1.5.2. Description et condition d’application du chauffage à air

Historique

Le chauffage à air est apparu dans les années 1950. Il fut tout d’abord destiné à chauffer de

grands bâtiments avec une hauteur sous plafond importante. Dans les années 1970, son développement

dans les bâtiments d’habitation a été marqué par de nombreux problèmes d’inconfort et son utilisation

est encore mal perçue aujourd’hui. La Figure 1.31 est issue du catalogue d’un constructeur de plancher

chauffant [Roth, 2010] et illustre très bien ce propos, car elle présente le chauffage à air pulsé comme

le plus éloigné du chauffage idéal.

2,7 m

1,8 m

0,1 m

Idéal Au sol Au plafond Radiateur Air pulsé

Figure 1.31 : Champ de température créé par différents émetteurs de chaleur

En effet, avec une capacité calorifique massique 4 fois inférieure à celle de l’eau et une masse

volumique 1000 fois plus faible, l’air n’est pas un fluide caloporteur approprié pour chauffer un

bâtiment peu ou pas isolé. Les situations d’inconfort rencontrées dans ce type de bâtiment sont alors

tout à fait compréhensibles, car soit la puissance de chauffage véhiculée par l’air est insuffisante pour

couvrir les déperditions, soit les installations répondent à ces besoins par une excessive augmentation

de la température ou du débit d’air pulsé, la pire des situations étant d’avoir à souffler de grandes

quantités d'air très chaud. Aujourd’hui cependant, la généralisation des bâtiments de type BBC dont

les besoins de chauffage sont très faibles permet d’envisager à nouveau l’utilisation du chauffage à air.

Situation actuelle

À l’heure actuelle, le chauffage des habitations de type BBC est une opération complexe à

réaliser, car il n’existe pas de réponse type à cette question, qui présente parfois certains paradoxes :

- Les besoins de chauffage sont très faibles, mais peuvent varier d’un facteur deux selon les

performances des opérations. Ils s’établissent ainsi autour de 15 à 30 kWh/(m².an) ;

- Les puissances spécifiques de chauffage à installer peuvent varier dans des proportions plus

importantes encore, car il faut pouvoir répondre aux pics de froid. Elles s’établissent alors

autour de 10 à 50 W/m² ;

- Les systèmes de production de chaleur actuels sont mal adaptés pour fournir de si faibles

puissances, en particulier pour les chaudières d’une puissance supérieure à 10 kW qui

conviennent mieux à présent pour assurer les besoins de chauffage en petit collectif.
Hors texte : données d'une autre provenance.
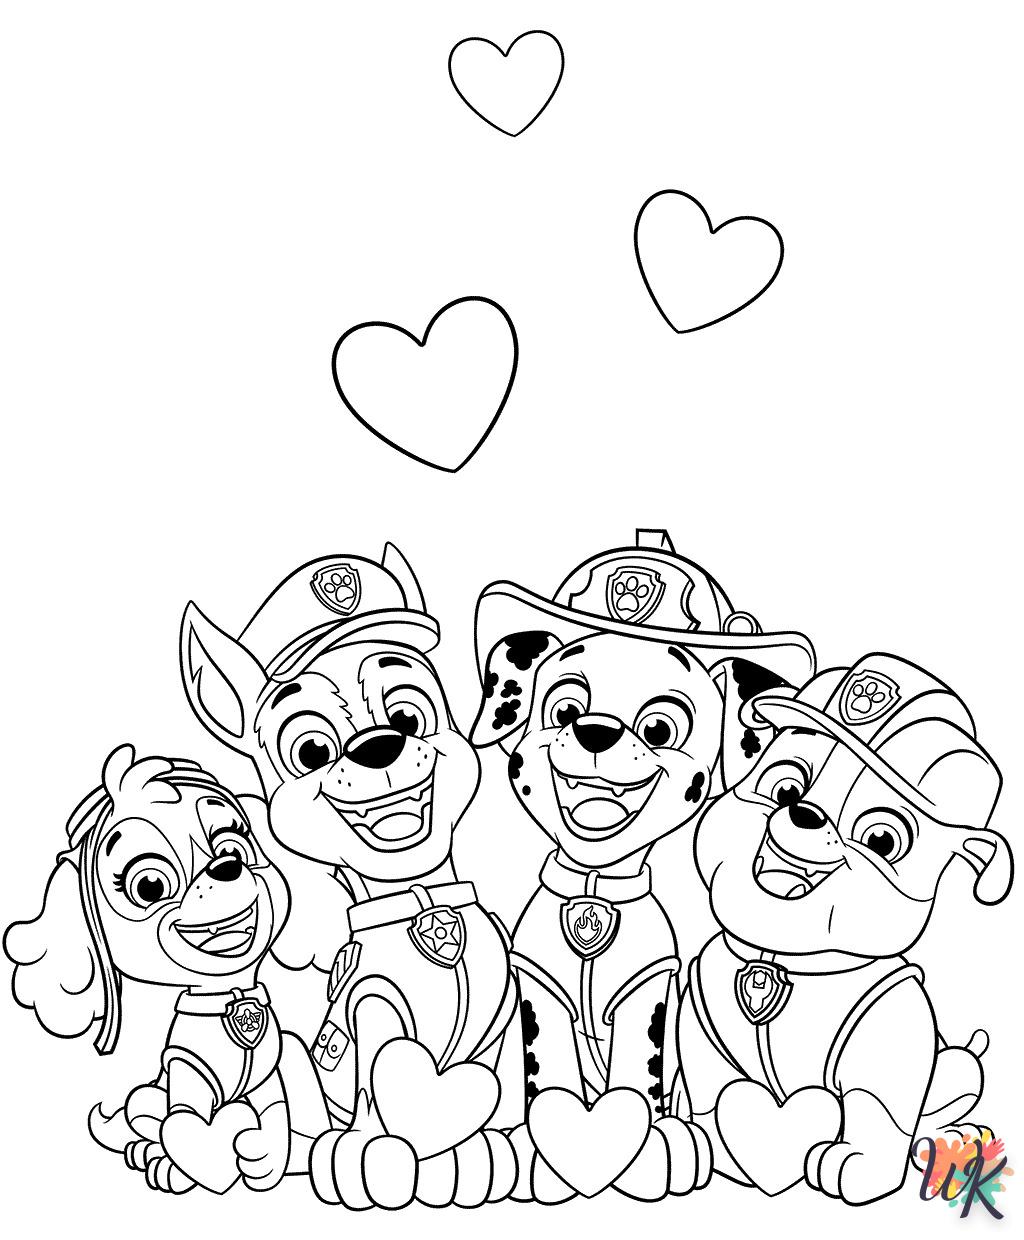 Paw Patrol cards coloring pages

Les systèmes de faible puissance couramment utilisés sont alors des PAC, des systèmes de

chauffage au bois, des radiateurs électriques et dans quelques rares cas, des chaudières gaz à

condensation au fonctionnement bien souvent éloigné de leur régime nominal. À l’exception des

radiateurs électriques et des poêles à bois qui servent d’appoint dans les maisons passives, tous ces

systèmes apparaissent bien souvent surdimensionnés et sont alors en général couplés à une ventilation

performante à récupération de chaleur sur l’air extrait et/ou à un système de production d’ECS, avec

une part de production solaire ou thermodynamique (cf. section 1.3.4).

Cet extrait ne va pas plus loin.